Linz, sorry to hear what happened. It must have been a dreadful shock. You posted what happened as a warning to others, but you make no mention of reporting the incident to the authorities. Even if we didn't have a no naming policy on the forum, I don't see what one individual's actions have to do with their employer. The fact that you are pretty sure he was wearing a particular company's uniform would help the police no end as would handing over his shoes.

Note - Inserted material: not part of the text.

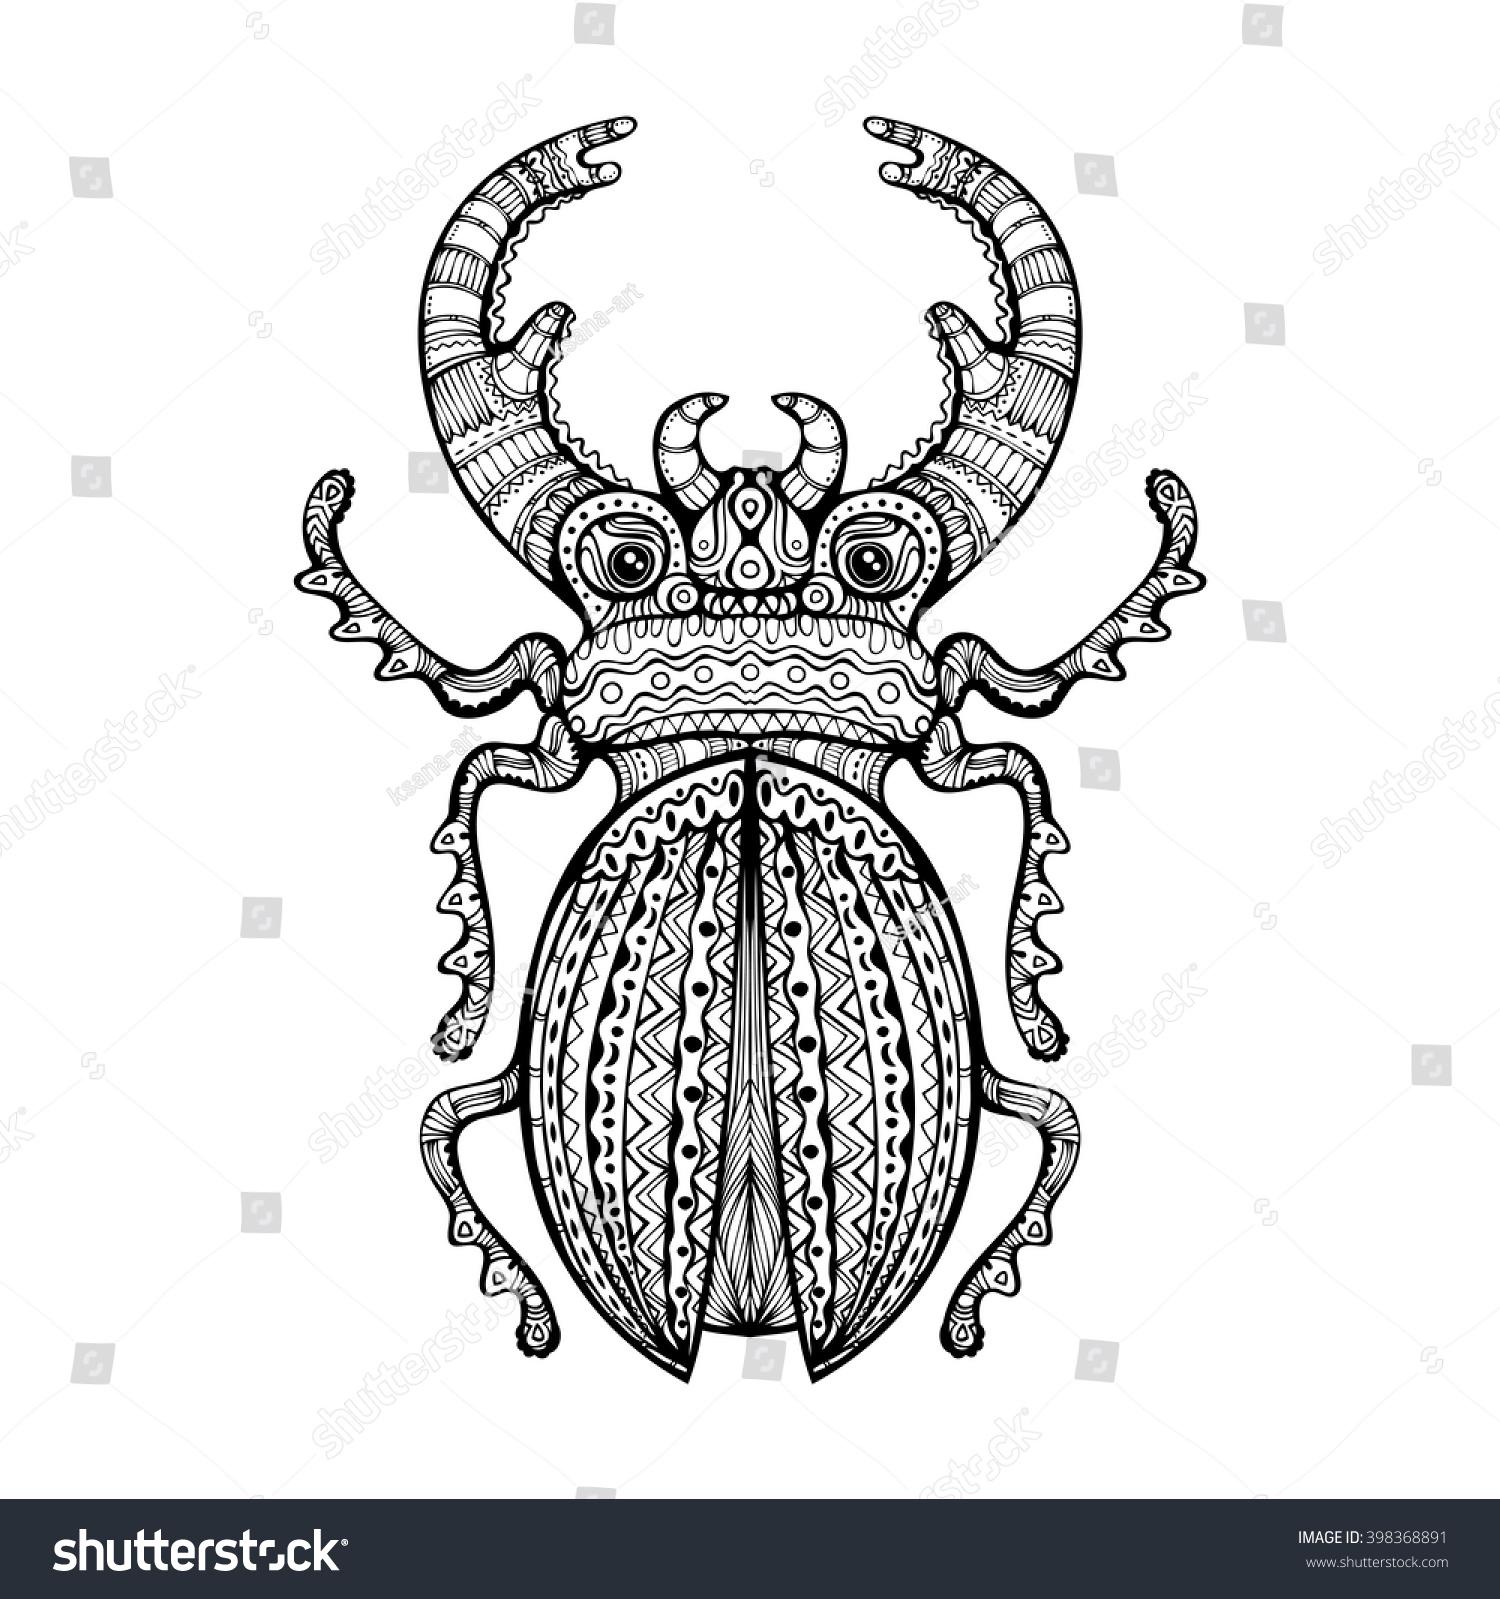 Ornate Giant Stag Beetle. Black And White Decorative Fancy Insect Hand ...

Perhaps he wasn't successful breaking into your house but you may be able to prevent him getting away with something else.


----------



## Chocoholic (Oct 29, 2012)

Also make sure the security in the Ranches know what happened.


----------



## Linz (Feb 18, 2009)

thanks for all of your replies. i was logged out of my account so couldn't respond till now.
yes, of course police were called immediately and security too are aware. police were next to useless and we might as well never have called them. no one bothered to inform the local community either which surprised me. total lack of responsibility and quite frustrating. in meantime we've spread the word to neighbours and hopefully now, a lot of people will be aware.

regardless of the job situation in dubai and lack of well paid jobs for these guys, this situation should never drive a person to break into your home OR to COME UPSTAIRS in your home.


----------



## Chocoholic (Oct 29, 2012)

Break-ins and robberies reported in JVT and JVC recently.

Who was it who kept on about Dubai being safe?


----------



## uberkoen (Sep 12, 2013)

Chocoholic said:


> Break-ins and robberies reported in JVT and JVC recently.
> 
> Who was it who kept on about Dubai being safe?


Sports City as well recently.


----------



## Tackledummy (Jul 14, 2013)

uberkoen said:


> Sports City as well recently.


Ooh, hope they never try my apartment - i only have football practice twice a week, so could do with the extra hitting/tackling training. :bump2:

In all seriousness, this is quite worrying, hope no-one has been badly affected, and just remember to be extra vigilant with balconies, windows etc, don't rely on the fact that Dubai is 'safe'. And challenge everything!


----------



## uberkoen (Sep 12, 2013)

Tackledummy said:


> Ooh, hope they never try my apartment - i only have football practice twice a week, so could do with the extra hitting/tackling training. :bump2:
> 
> In all seriousness, this is quite worrying, hope no-one has been badly affected, and just remember to be extra vigilant with balconies, windows etc, don't rely on the fact that Dubai is 'safe'. And challenge everything!


Yeah apparently this building did not have any CCTV cameras. Some guy walked into an apartment while the tenants were out and stole a lot of jewelry.


----------